DATA FOR THIS TASK =>
-*-
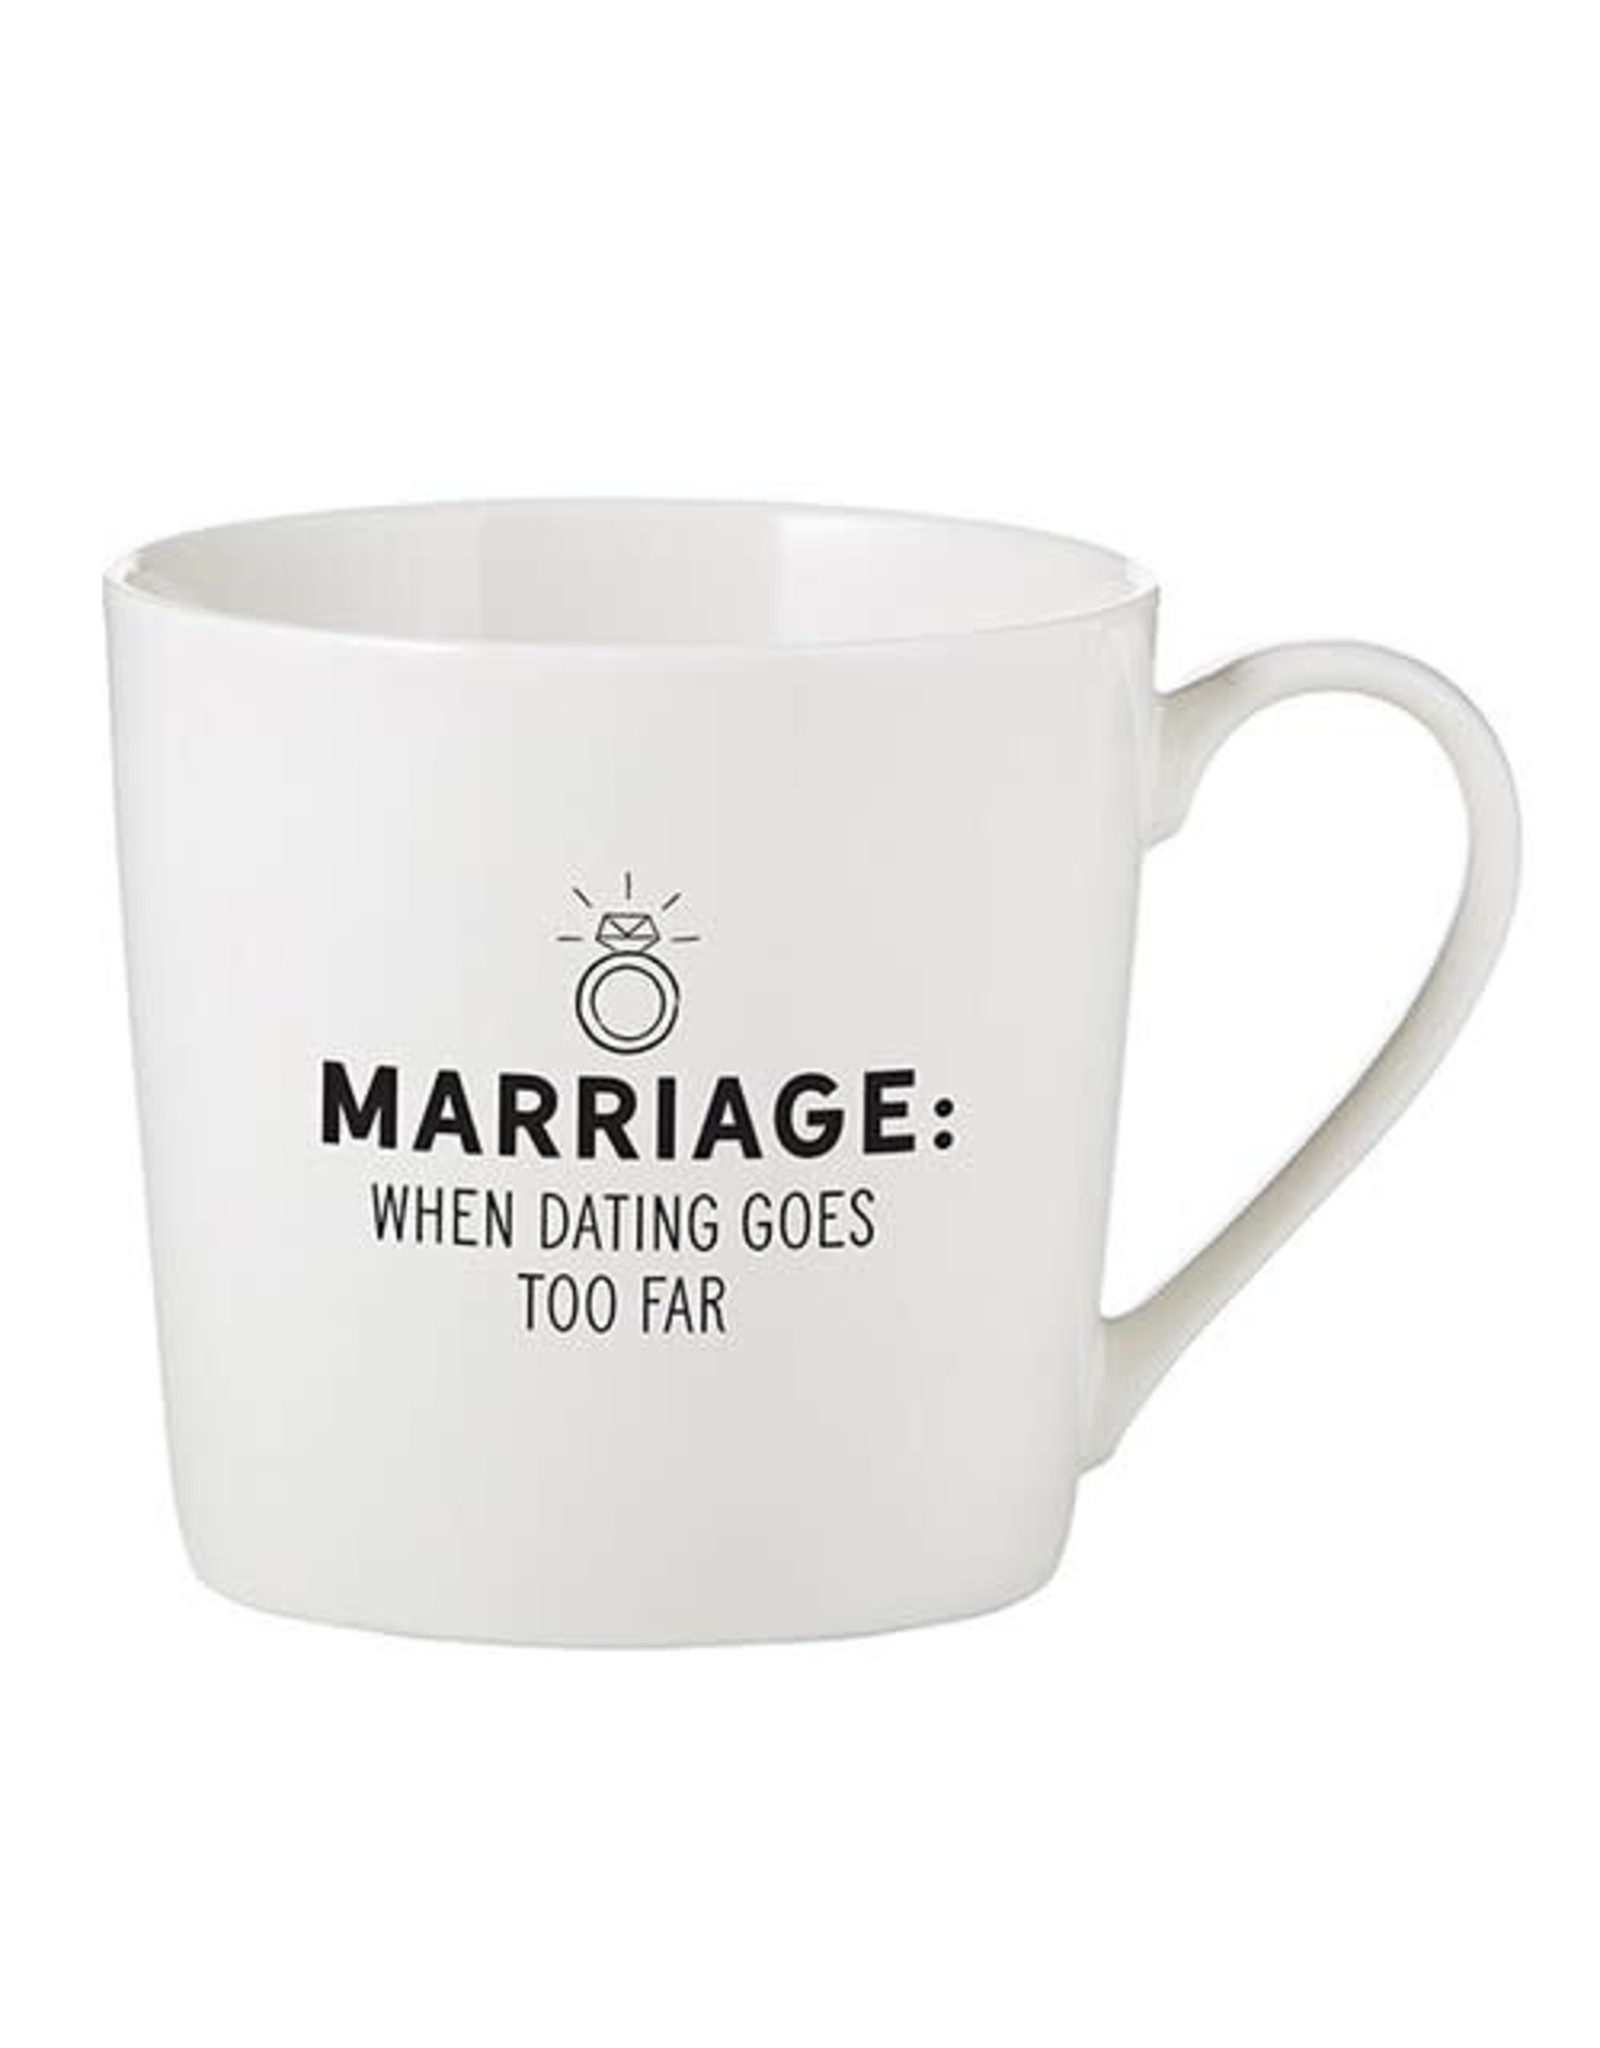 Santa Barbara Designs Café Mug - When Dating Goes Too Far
-*-
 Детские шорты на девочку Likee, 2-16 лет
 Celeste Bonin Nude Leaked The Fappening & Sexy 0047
-*-
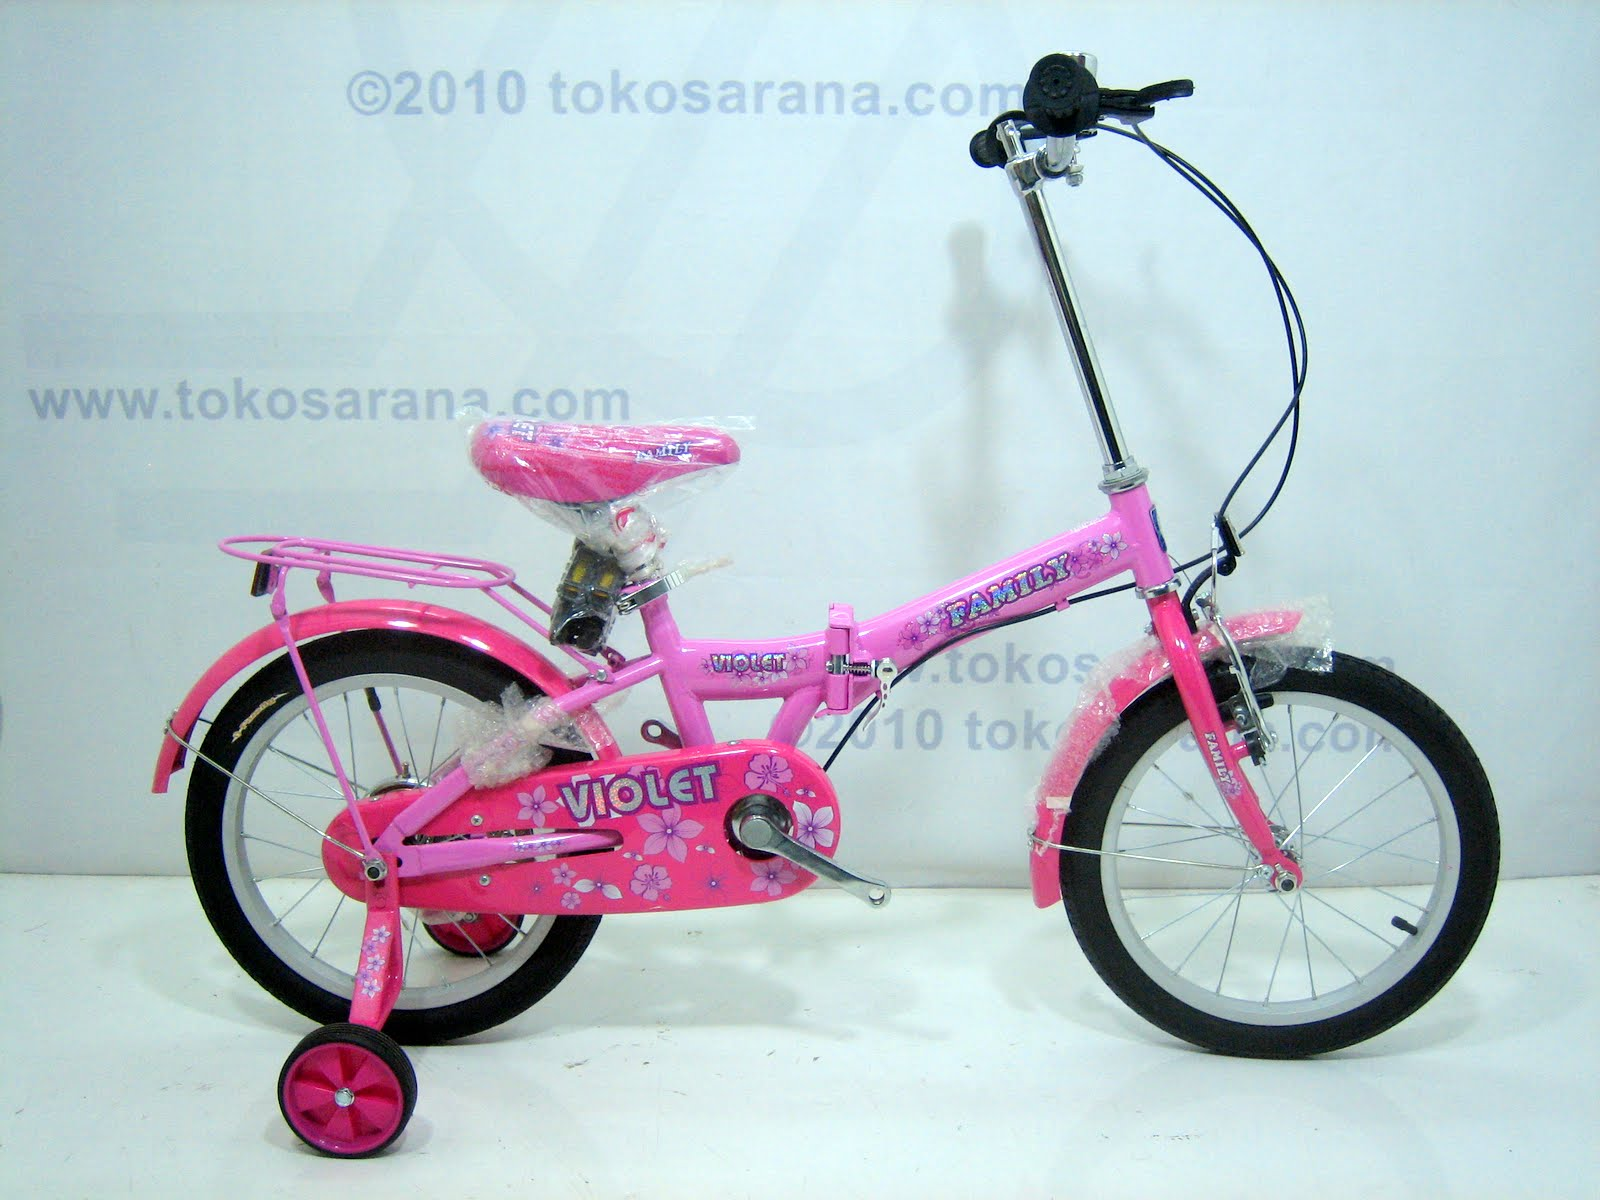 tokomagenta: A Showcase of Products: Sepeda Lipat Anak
-*-
WORK TO COMPLETE => In the data above, find the line that contains "Детские шорты на девочку Likee, 2-16 лет" and the line that contains "Celeste Bonin Nude". Repeat exactly those lines and every line between them, and only those.

ANSWER SECTION =>
 Детские шорты на девочку Likee, 2-16 лет
 Celeste Bonin Nude Leaked The Fappening & Sexy 0047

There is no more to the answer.